Actually, Conversations Are Bad

Listen closely and you’ll hear many 2020 candidates offer the same dodge to different issues.

Mike Segar / Randall Hill / Kamil Krzaczynski / Reuters / The Atlantic

We need to have a conversation in this country about soul-deadening political clichés.

If you’ve spent any time following the early stages of the 2020 presidential race, you’ve likely heard a politician call for a “conversation” about one issue or another. It is the catchall cop-out of this campaign season, and it’s been deployed in response to all manner of weighty policy questions.

What should be done with U.S. troops in Syria? Former Representative Beto O’Rourke of Texas would like to see “a debate, a discussion, a national conversation” on the matter. Ditto the Green New Deal, which he regards as “a perfect point from which to start a conversation.”

A universal basic income? South Bend, Indiana, Mayor Pete Buttigieg thinks we should “have a conversation” about it.

Adding justices to the Supreme Court? A “national conversation” sounds good to Senator Cory Booker of New Jersey.

Slavery reparations? Senator Elizabeth Warren of Massachusetts wants a “national, full-blown conversation.”

Other lazy rhetorical devices plague our political discourse. But there is something especially grating about a candidate calling for a “conversation” when asked about an issue. It rings with the echo of empty ideas. It emanates the stench of platitude and prudence. The abstractness of the language renders the sentiment meaningless: Who, exactly, should be having these conversations? Where should they be taking place, and on what terms?

The truth is that when politicians are pleading for a national conversation, it is usually because they are trying to avoid one. Sometimes they use the phrase as they are revving up to deliver a righteous stump speech. (Fair enough, though it’s worth noting that if you’re the only one talking, and your mind is made up, that is by definition not a “conversation.”) More often, they are trying to dodge a specific policy question that’s politically tricky: See Senator Kamala Harris of California—asked whether she agrees with Senator Bernie Sanders of Vermont that felons should be able to vote from prison—responding, “I think we should have that conversation.”

The conversation-centric approach to politics may best be embodied by Marianne Williamson, the author and self-help guru running a long-shot bid for the Democratic nomination. Williamson spent much of last week’s primary debate chastising her opponents for getting too bogged down in policy details. “Donald Trump is not going to be beaten just by insider politics talk,” she declared. “He’s not going to be beaten just [by] somebody who has plans.” What secret weapon would she turn to instead? “I’m going to harness love for political purposes.”

Williamson’s apparent antipathy toward concrete policy in favor of feel-good abstractions drew scorn from the political class. But many of her fellow candidates have demonstrated a similar tendency—punting on serious issues by settling for a “conversation.”

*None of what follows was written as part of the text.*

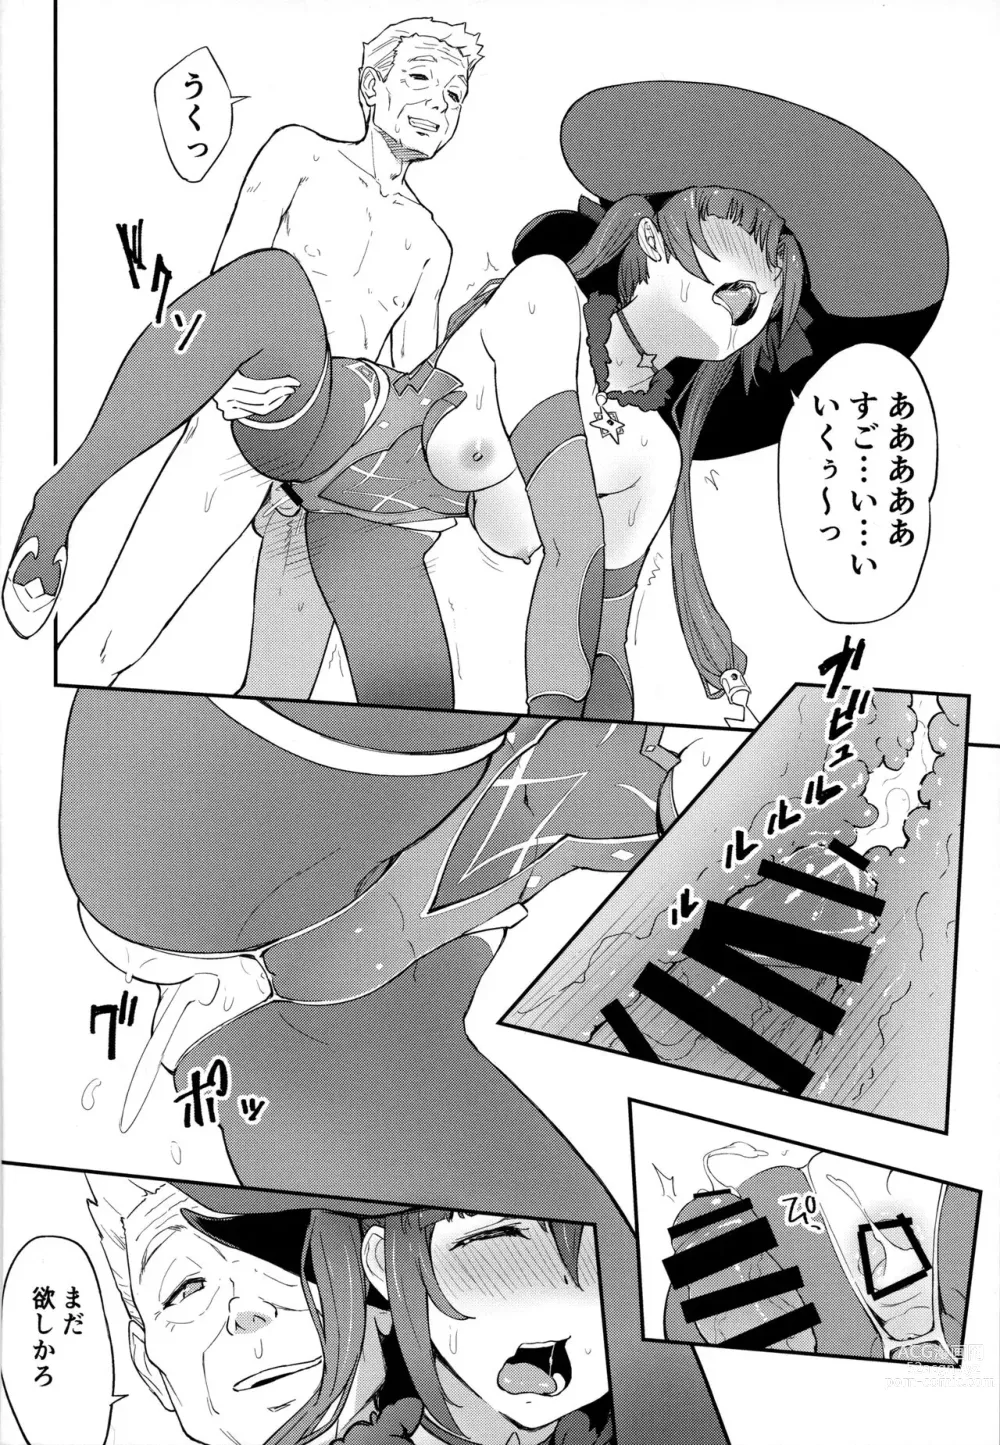 Page 5 of doujinshi Mona-Gete 3
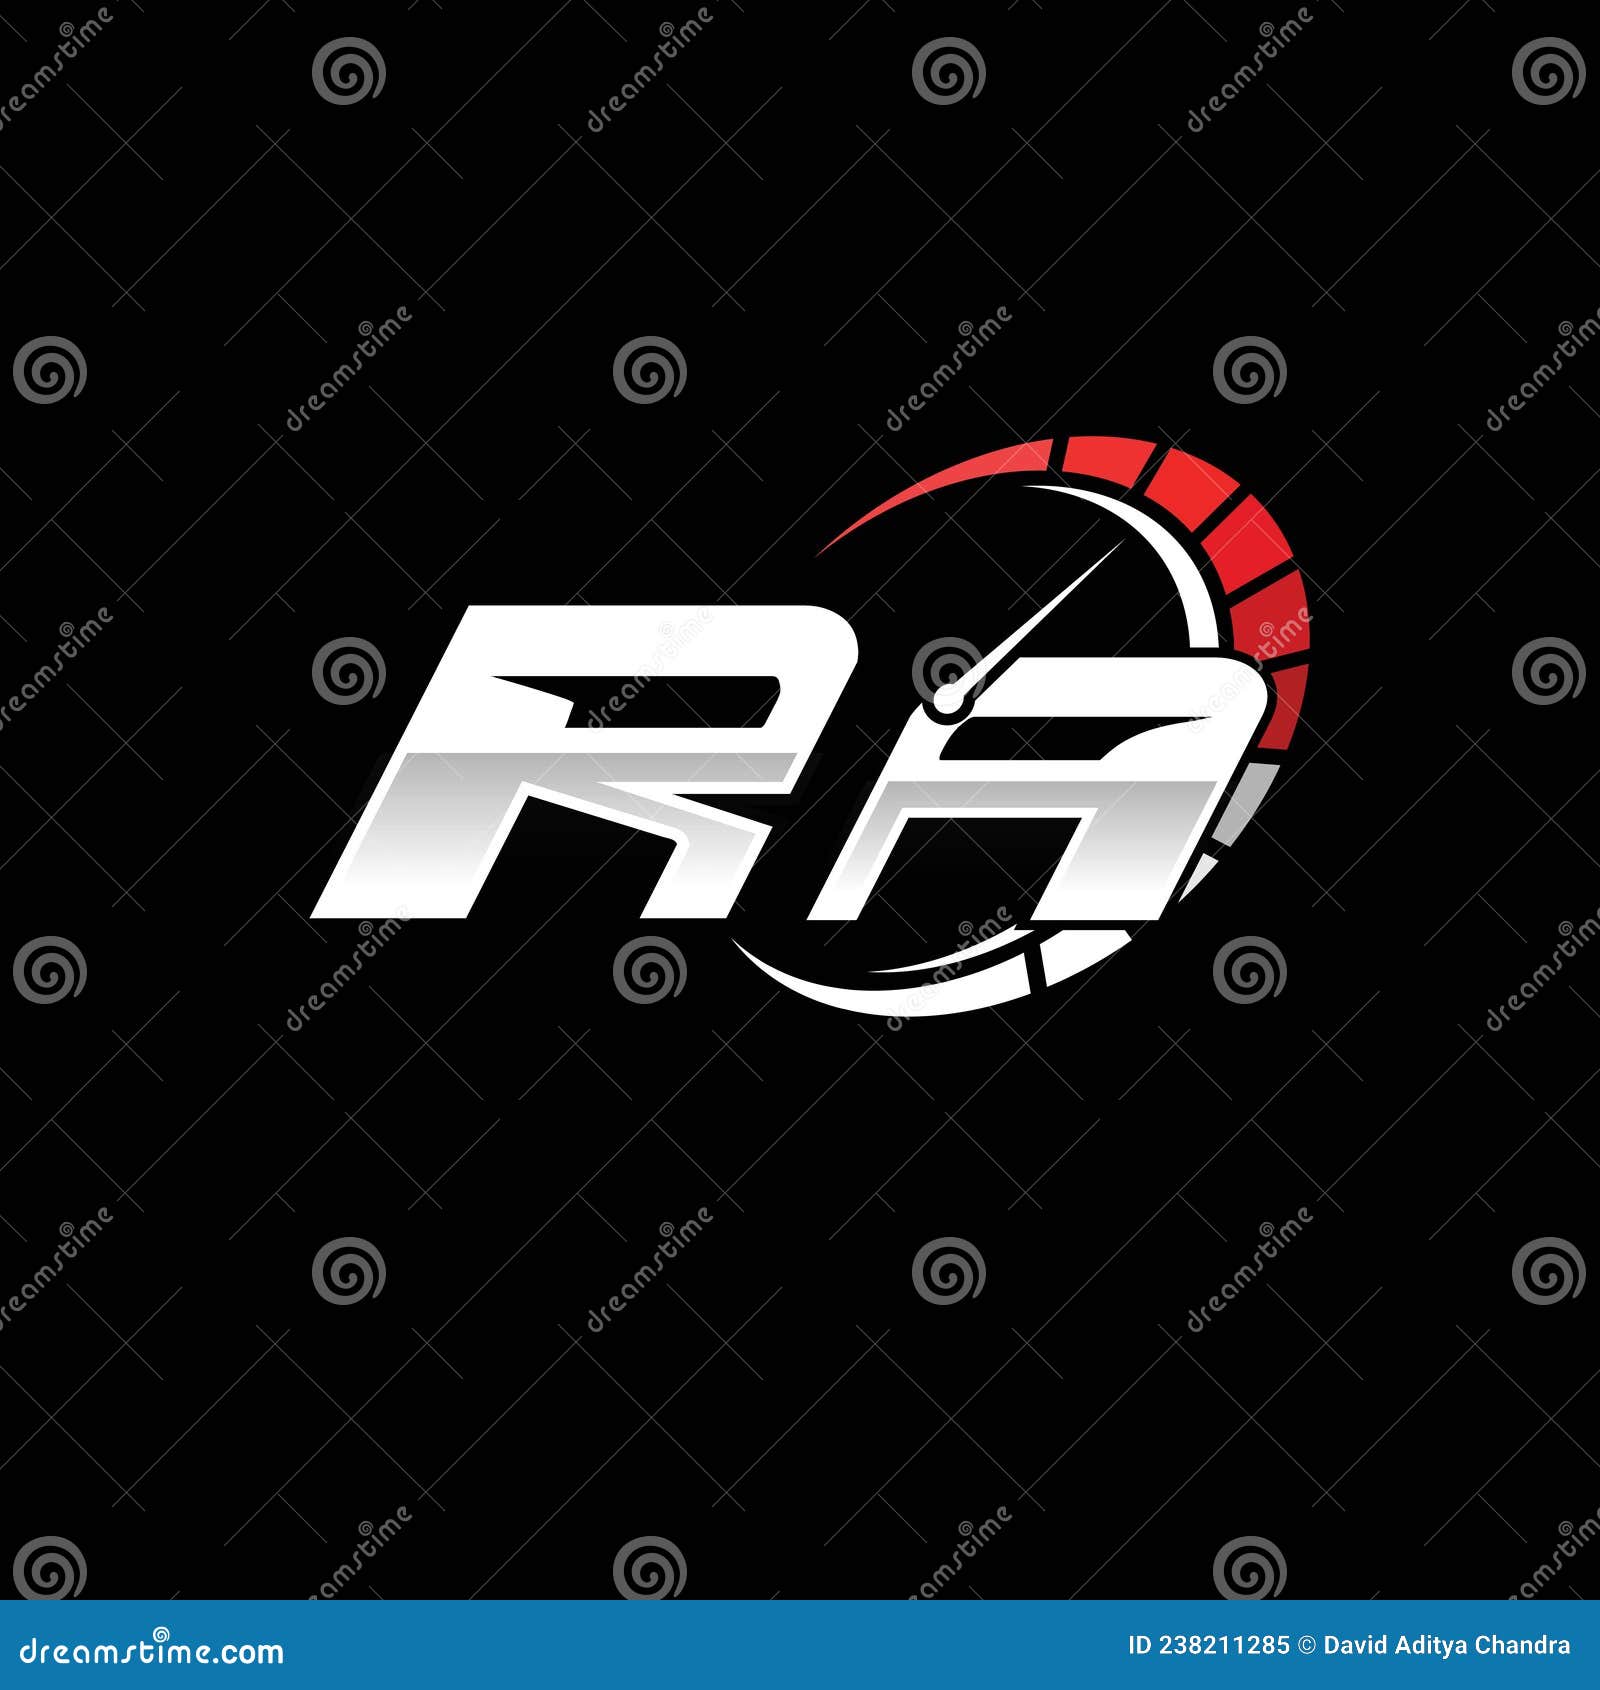 ra logo letter speed meter racing style

I should pause here to confess that I am not without sin. As someone who talks about politics on TV and faces the occasional post-panel Q&A session, I have developed an arsenal of pundit’s tricks to make myself look serious while evading questions I haven’t thought through. I nod thoughtfully, and say things like “That’s an important conversation to have ...” before pivoting to safer rhetorical ground. I take no pleasure in this admission, but I mention it because I understand the allure of this particular bromide.

Of course, not every plea for dialogue is shallow and feckless. At their best, political leaders can direct public attention to issues that are genuinely under-explored. During the Democratic debate, Booker used some of his valuable time on a crowded stage to inject bracing details into the discussion of LGBTQ rights:

We do not talk enough about trans Americans, especially African American trans Americans and the incredibly high rates of murder right now. We don’t talk enough about how many children, about 30 percent of LGBTQ kids, who do not go to school because of fear.

But in most cases, the demand for a “conversation” feels like a side step, a ruse—and it’s not limited to the realm of campaigns. When an executive at Wayfair was recently confronted over the company’s decision to sell furniture for a new immigrant detention facility, he tried to appease outraged employees by promising a future “conversation” about their ethics code. And last year, my colleague Ed Yong quoted a bioethicist frustrated by the way virus researchers keep taking the same risks while putting off difficult questions about their work. “Can we stop saying we need to have a conversation,” the bioethicist said, “and actually get to the conversation?”

The reality is that when it comes to the pressing political questions of the day, we are a country in constant conversation. There are very few issues or ideas that aren’t already being debated, parsed, picked apart, or talked about in some corner of the public square.

As it turns out, even this conversation—the one about all these hollow political pleas for “conversation”—began before I got to it. Shortly before finishing this piece, I came across a column by Politico’s Jack Shafer on the same theme, which led me to Megan McArdle’s treatment in 2018, and Wesley Morris’s in 2016, and Carlos Lozada’s in 2013, and Dana Milbank’s in 2007.

The national conversation has been going on for a long time. Presidential candidates should feel free to jump in, and let us know what they think.